The preprocessor couldn't care less about what is in the included file. I could split my "Hello, World" program into several files and paste them all together with #includes. For example, if "first.txt" contained

#include <stdio.h>
int main(

and "second.txt" contained

 void ) {

and "third.txt" contained

    printf( "Hello, World!\n" );
    return 0;
}

My hello.c could look like

#include "first.txt"
#include "second.txt"
#include "third.txt"

and it would compile just fine. Notice how first.txt contains a #include of it's own. This is fine. The preprocessor scans over the included text looking for other preprocessing directives. It will do this as deeply as necessary.

Just because you can put anything you want into an included file doesn't mean you should. The preprocessor can be abused. Traditionally, included files end with a .h extension and contain only declarations that need to be shared between .c files. You should avoid #including function definitions, files other than .h files, or putting #include directives anywhere other than at the top of your .c file. The preprocessor allows other things, but taking advantage of that will cause your program to be very confusing.

#define

The #define directive allows you to create a symbolic name. There are two sorts of such names. The first is called an "object-like macro" and the second is called a "function-like macro".

Here is what a typical object-like macro looks like:

#define MAX_SIZE 1024

There are three parts. The first part is the #define directive itself. The second part is the symbolic name (MAX_SIZE). The third part is what the symbolic name represents (1024). After seeing this definition, the preprocessor will replace every occurrence of MAX_SIZE that it finds with 1024. In effect, it does a simple search and replace operation on your file. Nothing more. Thus:

int main( void )
{
    int array[MAX_SIZE];   // I really said "array[1024]"
    int i;


    for( i = 0; i < MAX_SIZE; i++ ) { // I really said "i < 1024"
        // etc...

Why would I want to do this? Well, for one thing MAX_SIZE is more informational than 1024. It makes the program easier to read. However, the big advantage is when I try to update this program. Even in my short example above, I'm using MAX_SIZE in two different places. In a large program, I might use it in dozens of places (often as the limit in a for loop). When I later decide that 1024 isn't big enough, all I have to do is edit the #define directive where MAX_SIZE is defined. I might change it to:

#define MAX_SIZE 2048

and then recompile.

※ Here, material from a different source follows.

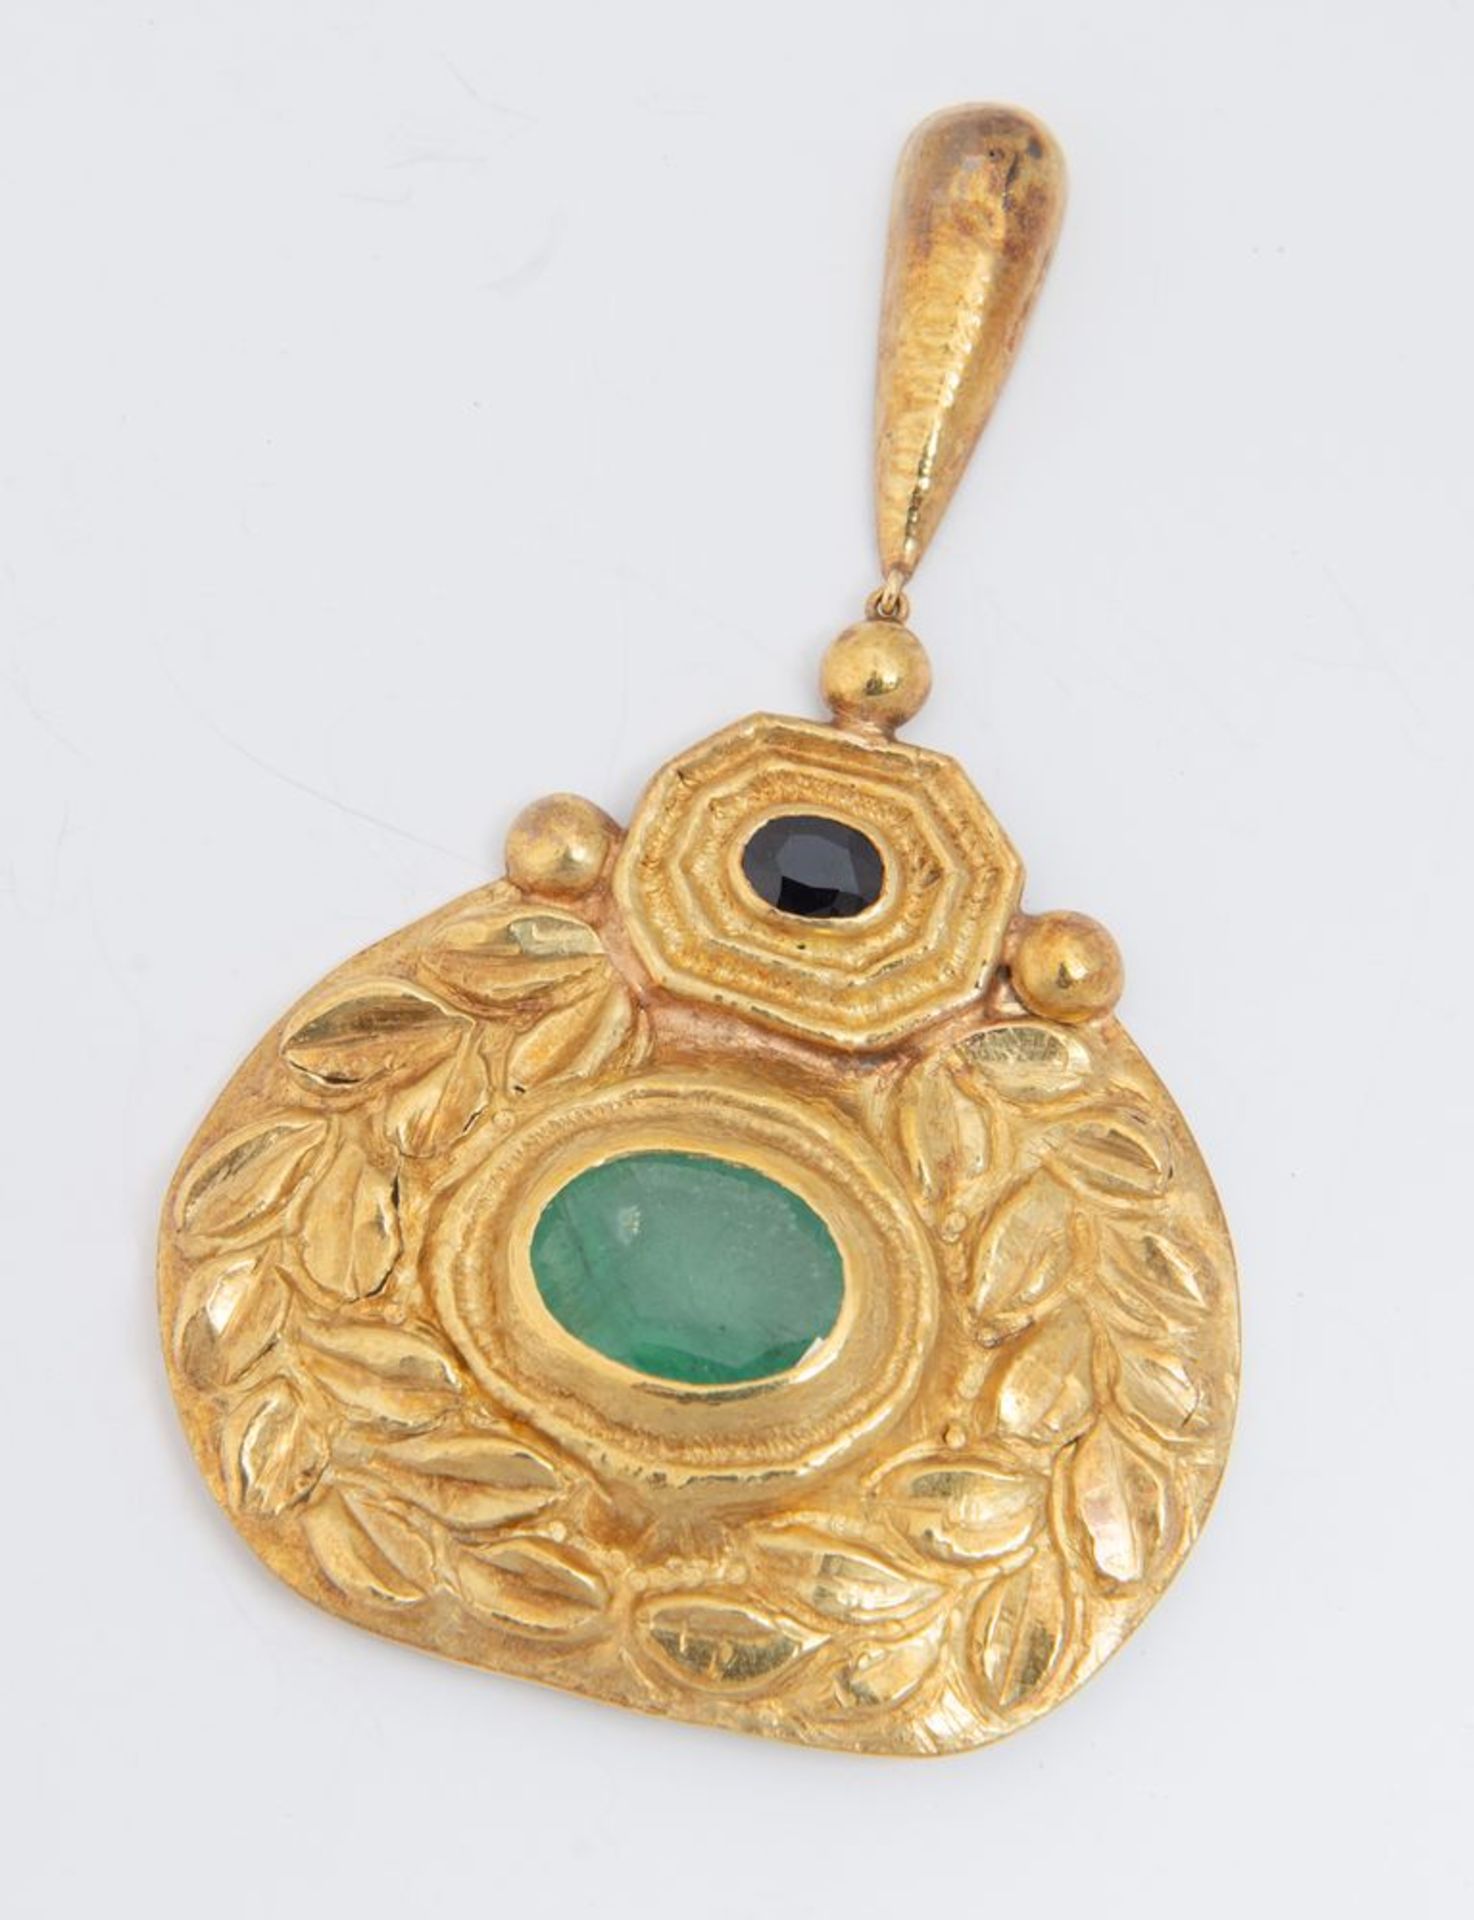 Pendente in oro, zaffiro e smeraldo.
Realizzato come un medaglione sbalzato e inciso a motivi vegeta - Bild 3 aus 3

The preprocessor will replace all occurrences of MAX_SIZE with the new value and I will have updated the program by making only one change. This is a major advantage. The alternative would be to search for all occurrences of 1024 and try to replace them with 2048. The problem with that is some 1024's might refer to something else and not really need to be replaced. Thus, I'm faced with the prospect of locating every 1024 in the program and then figuring out if that 1024 is one that needs updating. Ugh. But it's even worse than that! There might be some other numbers, such as some 1023s or 512s (MAX_SIZE/2) that also need to be updated. With the preprocessor, this is not a big deal:

#define MAX_LINE_BUFFER_SIZE 1024
#define MAX_COLOR_DEPTH      1024
#define MAX_SCREEN_BUFFER    1024
#define MAX_USER_LIMIT       1024

In the program I use MAX_USER_LIMIT everywhere it is appropriate to do so. In some cases I might have to write things like MAX_USER_LIMIT - 1 (instead of 1023) or MAX_USER_LIMIT/2 (instead of 512). However, if I do this properly, things are easy afterward. Now when I decide that the user limit size needs to be extended, I just do:

#define MAX_LINE_BUFFER_SIZE 1024
#define MAX_COLOR_DEPTH      1024
#define MAX_SCREEN_BUFFER    1024
#define MAX_USER_LIMIT       2048

and recompile. Many programs have a large number of object-like macros contained in a "configuration" header file that gets #included into every source file of the program. Often you can customize the program by editing the values of those macros (and they are typically heavily commented to make this feasible) and recompiling.

It is very important when you define an object-like macro to use it consistently. If you forget to use it in even one place the advantage of having it is lost.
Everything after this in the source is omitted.